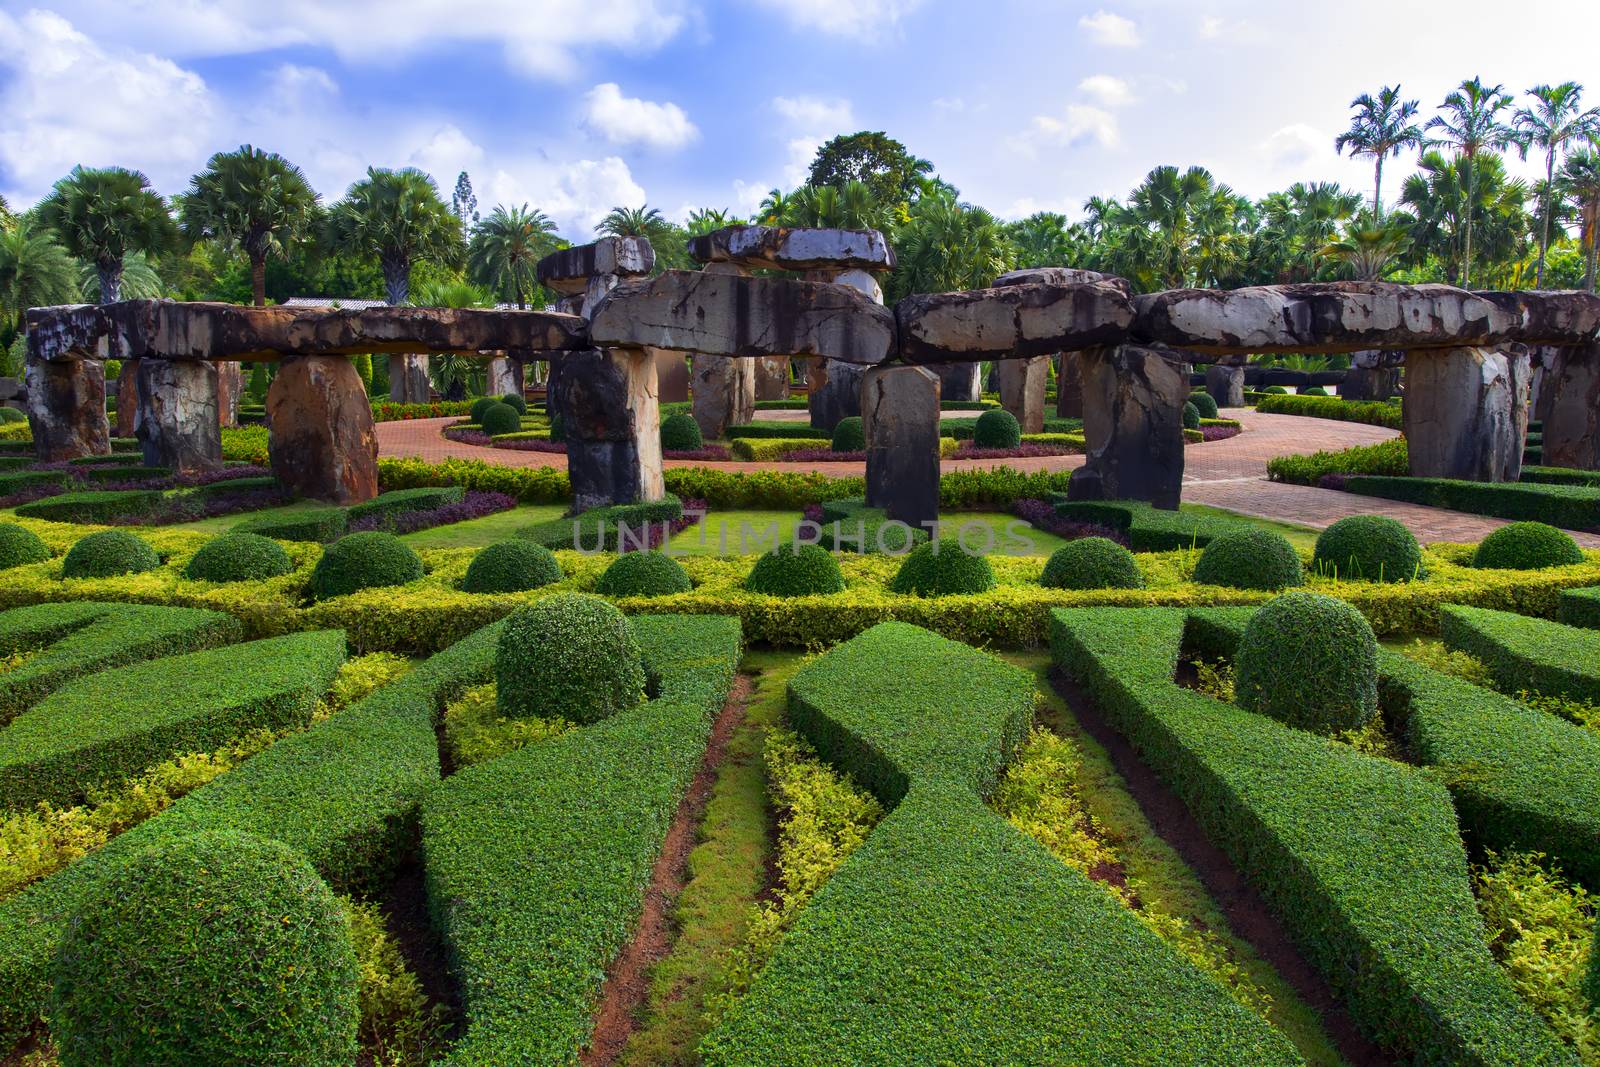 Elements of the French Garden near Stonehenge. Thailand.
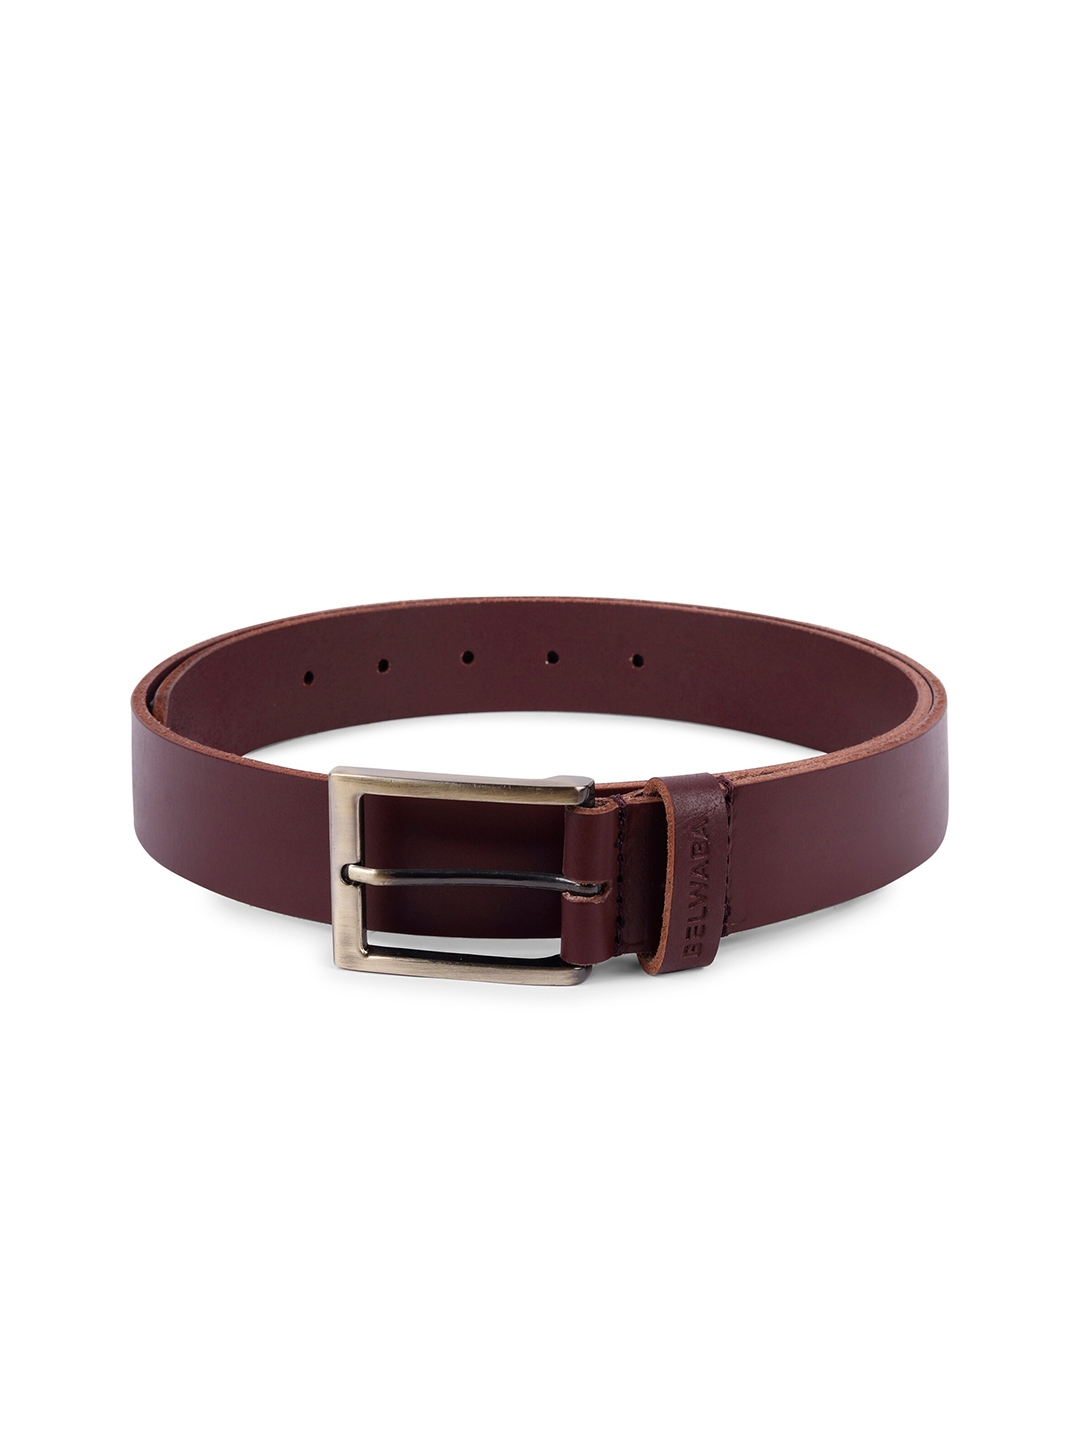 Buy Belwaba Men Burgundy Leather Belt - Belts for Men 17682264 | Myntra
--
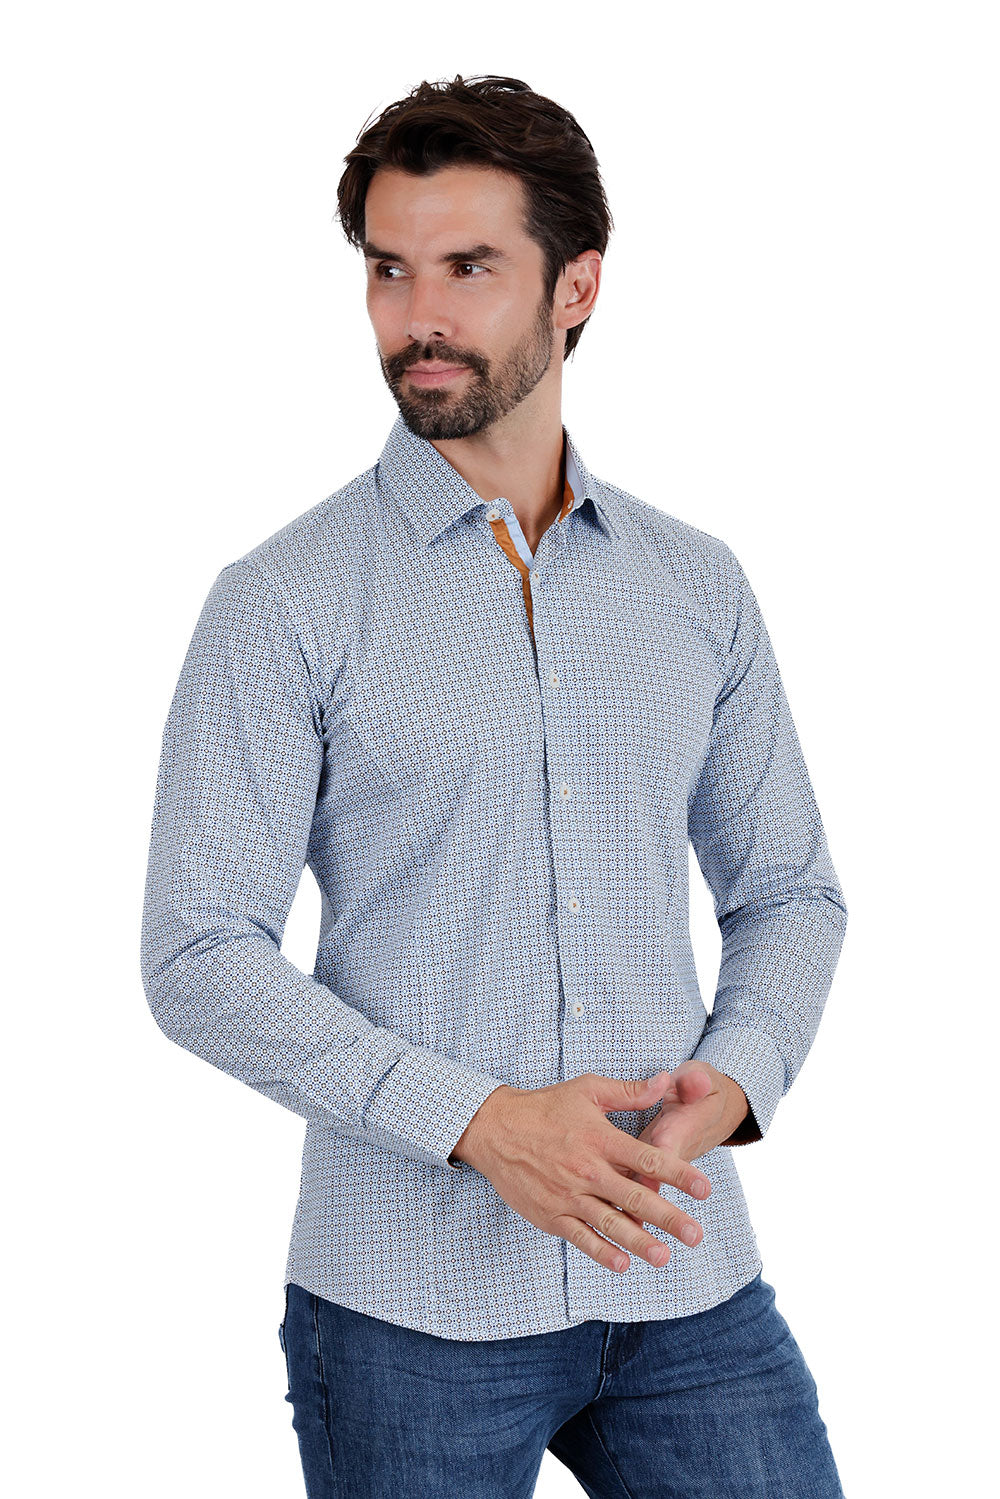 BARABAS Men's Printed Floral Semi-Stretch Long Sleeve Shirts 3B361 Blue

▸ Task details: Pictures do not belong in the answer. Return the lines above starting at the one with "Elements of the" and ending at the one with "Buy Belwaba Men", both kept, exactly.

▸ Reply to the exercise:
 Elements of the French Garden near Stonehenge. Thailand.
 Buy Belwaba Men Burgundy Leather Belt - Belts for Men 17682264 | Myntra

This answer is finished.